2 min readJul 1, 2021
memory mapped files, basics:
- if page swapped in, easy peasy
- if not, page-fault and do what?
both mmap and buffered syscalls hit the page cache. on a page cache miss, the subsequent stack for I/O is common.
page cache -> filesystems -> block layer -> driver -> disk
— — — — — — — — — -
block layer: works with I/O requests
- starting sector/length/read/write/special
- can have hints (SYNC) and other flags (FUA, FLUSH)
block request lifecycle:
- created in block layer when I/O submitted by FS
- can be delayed/merged/reorganized
- dispatched to device driver
- completed when I/O is finished
— — — — — — — — — -
linux memory management:
- programs mapped virtual address space is organized as a red-black tree of VMA structs (virtual memory area)

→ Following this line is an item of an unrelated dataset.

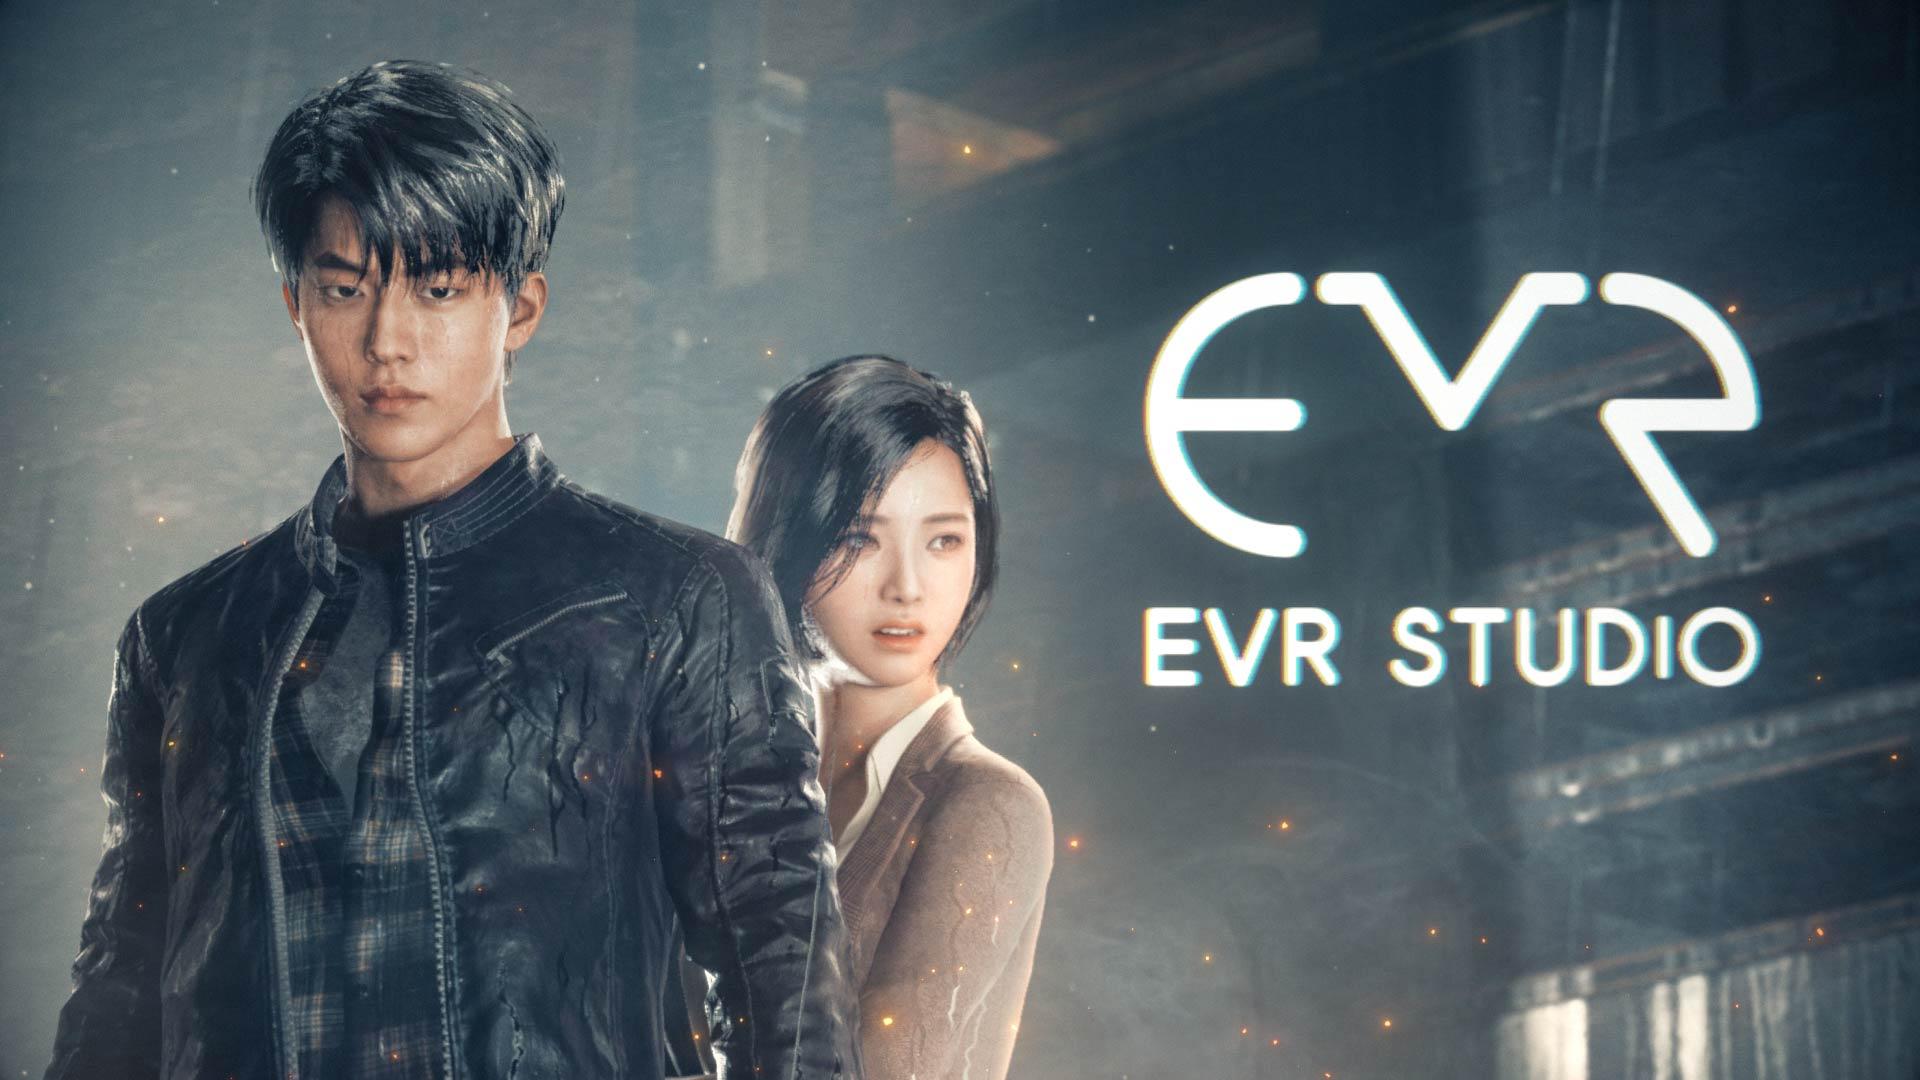 EVR STUDIO 2019

- each VMA is a contiguous, non-overlapping span with metadata
- task_struct->(mm_struct*)mm->(vma_area_struct*)mmap
- task_struct is process-level struct. mm_struct is all mem_mgmt. mmap is a linked list of VMAs. (mm->mm_rb is the RB tree of VMAs).
- some of the VMAs are file-backed. VMA size is a multiple of page size.
- mm->pgd = page table for the process. each PTE = one 4K page
- pages -> virtual memory, frames -> physical memory
- page cache -> in-memory cache of a page representing stored data
- contiguous virtual pages can point to random frames. (that’s why mapping is per page)
— — — — — — — — —
pages and I/O
- all buffered I/O goes through page cache
- linux does read-ahead for mmap’ed I/O
- madvise — MADV_NORMAL/RANDOM/SEQUENTIAL
- mmap’s can be PRIVATE or SHARED. only applies to UPDATES. (assuming even private maps are shared in read-only mode. CoW when changed)
— — — — — — — — -
page fault handling:
- do_page_fault() -> locate VMA using find_vma()
- check PTE, and accordingly
- do_anonymous_page()
- do_swap_page() (major fault)
- filemap_fault() — invoked via vma operations vector for mmap’ed region to read in file data during a page fault
- find_get_page() -> consult page cache using find_get_page() + if found, do_async_map_readahead
- if not found, MAJOR FAULT, do_sync_mmap_readahead() + pagecache_get_page()
- do_sync_mmap_readahead() -> do_page_cache_ra() (the actual READ)
- do_page_cache_ra_unbounded(): allocate memory + submit I/O using read_pages()
- read_pages() glues mm module to fs module, by invoking struct address_space_operations{} functions
- address_space_operations{} suite implemented by all filesystems (https://elixir.bootlin.com/linux/v5.13/source/include/linux/fs.h#L370)